During the test or home inspection (which you'll order to include the well head), you need to find out the height of the well head, the location (if it is in a drainage pathway for instance and how far from the septic), the depth of the well and whether or not the well is lined - and if so, how far down. You'll also want to know about wells in your area. For instance, in Idaho a 2-acre property is only allowed to have two wells IN THE LIFE OF THE PROPERTY. If this is the second well that has been drilled, that could be a problem down the road. Of course, you might live in an area where, if this well fails you can drill another, if so, that's okay. You just want to know your local laws.

Anyway, a lined well shaft, a tall well head that is set far away from sources of contamination and a good strong, newer well pump with water rights from the aquifer that transfer to you as the new owner are all good signs. A lot of people live on one well, just don't expect that well to irrigate your entire 2 acres (that would be taxing on your pump). Will you get irrigation shares, too?


----------



## badlander (Jun 7, 2009)

Contamination can happen, I know, it happened to my parents well water supply back in the 70s. We had a torrential rainfall that had water running over our back yard and well vent. Like the property you are looking at, their home was surrounded by fields on three sides and across the street. We also had a horse corral.

Imagine the alarm when we turned on a faucet and this brown, nasty debris filled water flowed out instead of the wonderful artesian water we were used to.

The health department came out, took samples and before the day was over was calling us with a firm DO NOT DRINK OR USE YOUR WELL WATER! It was contaminated with everything imaginable from field chemicals to horse manure. What ensued was a nightmare of hauling in water for human and horse consumption, pumping the well dry (imagine trying to empty out a well that is supplied by an underground artesian aquifer that is constantly trying to refill it for you even as you try to drain it out?) which took us over two days to do running the pump constantly. Then we had to dump multi gallons of bleach into the well, let it set for a day or two, cannot remember how long, and then once again pump it dry, have it rechecked and then hope for the best. We also had to have a well company come in and replace our vent pipe with a taller one that would resist contamination with run off. 
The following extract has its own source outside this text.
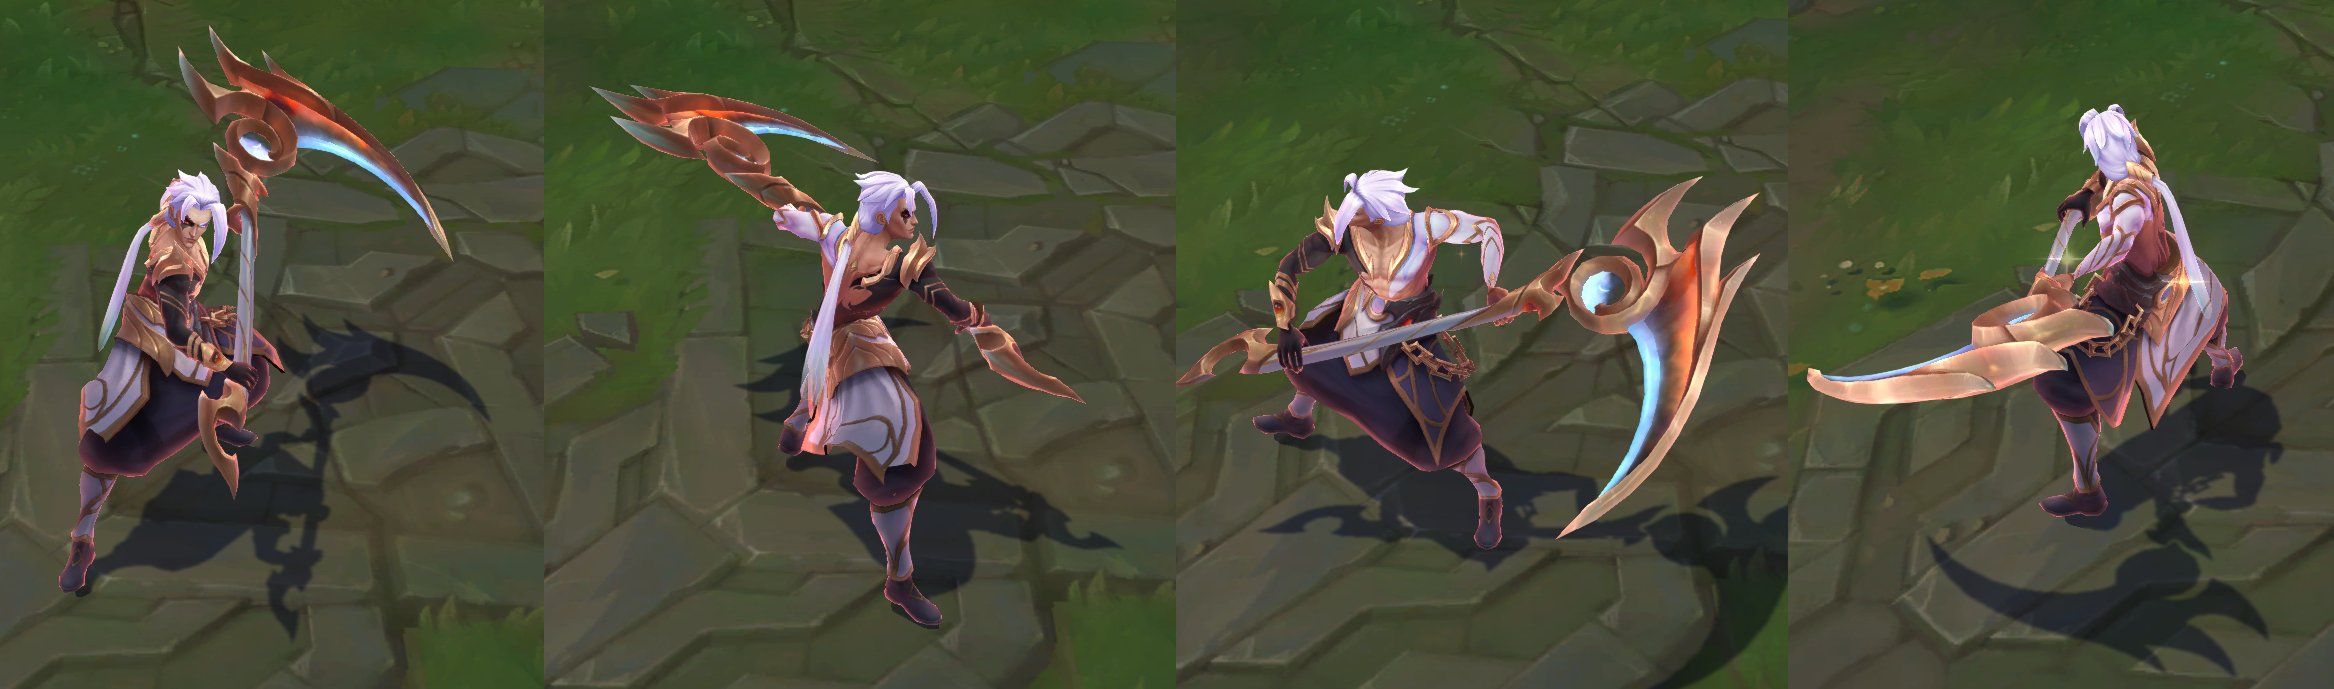 Vex and her release skin Dawnbringer Vex will also be hitting the PBE this ...

Then the pump went out from all the overuse draining the well. Like I said, it was an expensive nightmare.

So YES! I would definitely ask for a water sample to test. I would also make certain that the vent pipe is well above ground level.Also. If you go that route, and everything is good, make sure you and if you have any little kids or children in your family, use one of the fluoride mouth rinses on the market as we were constantly fighting decays from drinking unfluorinated water.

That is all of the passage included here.